There is a glaring problem in training a neural network using the update rule above. We don’t know what the “expected” output of any of the internal edges in the graph are. In order to compute the error we need to know what the correct output should be, but we don’t immediately have this information.

We don't know the error value for a non-output node in the network.

We don’t know the error value for a non-output node in the network.

In the picture above, we know the expected value of the edge leaving the node $ N_2$, but not that of $ N_1$. In order to compute the error for $ N_1$, we need to derive some kind of error value for nodes in the middle of the network.

It seems reasonable that the error for $ N_1$ should depend on the errors of the nodes for which $ N_1$ provides an input. That is, in the following picture the error should come from all of the neurons $ M_1, \dots M_n$.
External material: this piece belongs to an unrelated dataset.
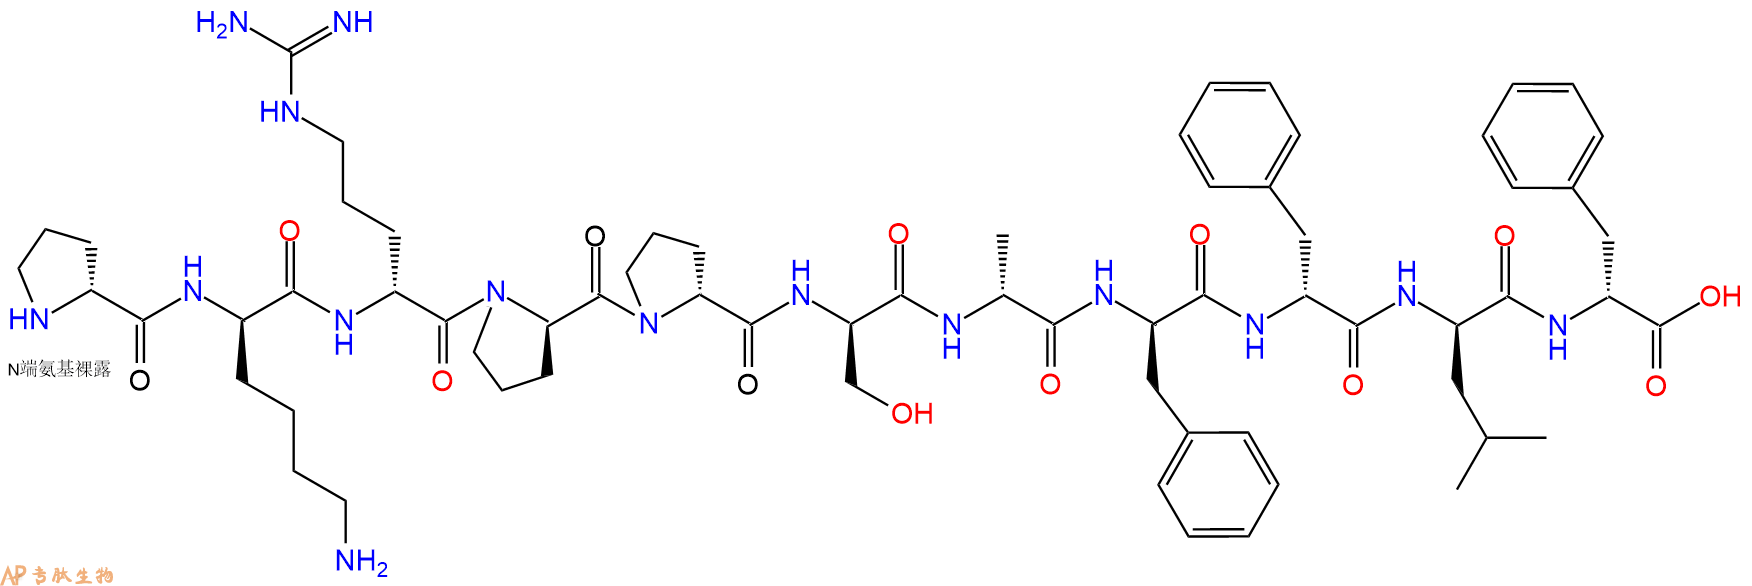 专肽生物产品H2N-DPro-DLys-DArg-DPro-DPro-DSer-DAla-DPhe-DPhe-D

In particular, one possible error value for a particular input to the entire network $ \mathbf{x}$ would be a weighted sum over the errors of $ M_i$, where the weights are the weights of the edges from $ N_1$ to $ M_i$. In other words, if $ N_1$ has little effect on the output of one particular $ M_i$, it shouldn’t assume too much responsibility for that error. That is, using the above picture, the error for $ N_1$ (in terms of the input weights $ v_i$) is

$ \displaystyle \sum_i w_i E_{M_i}$

where $ E_{M_i}$ is the error computed for the node $ M_i$.

It turns out that there is a nice theoretical justification for using this quantity as well. In particular, if we think of the entire network as a single function, we can imagine the error $ E(\mathbf{w})$ as being a very convoluted function of all the weights in the network. But no matter how confusing the function may be to write down, we know that it only involves addition, multiplication, and composition of differentiable functions. So if we want to know how to update the error with respect to a weight that is hidden very far down in the network, in theory it just requires enough applications of the chain rule to find it.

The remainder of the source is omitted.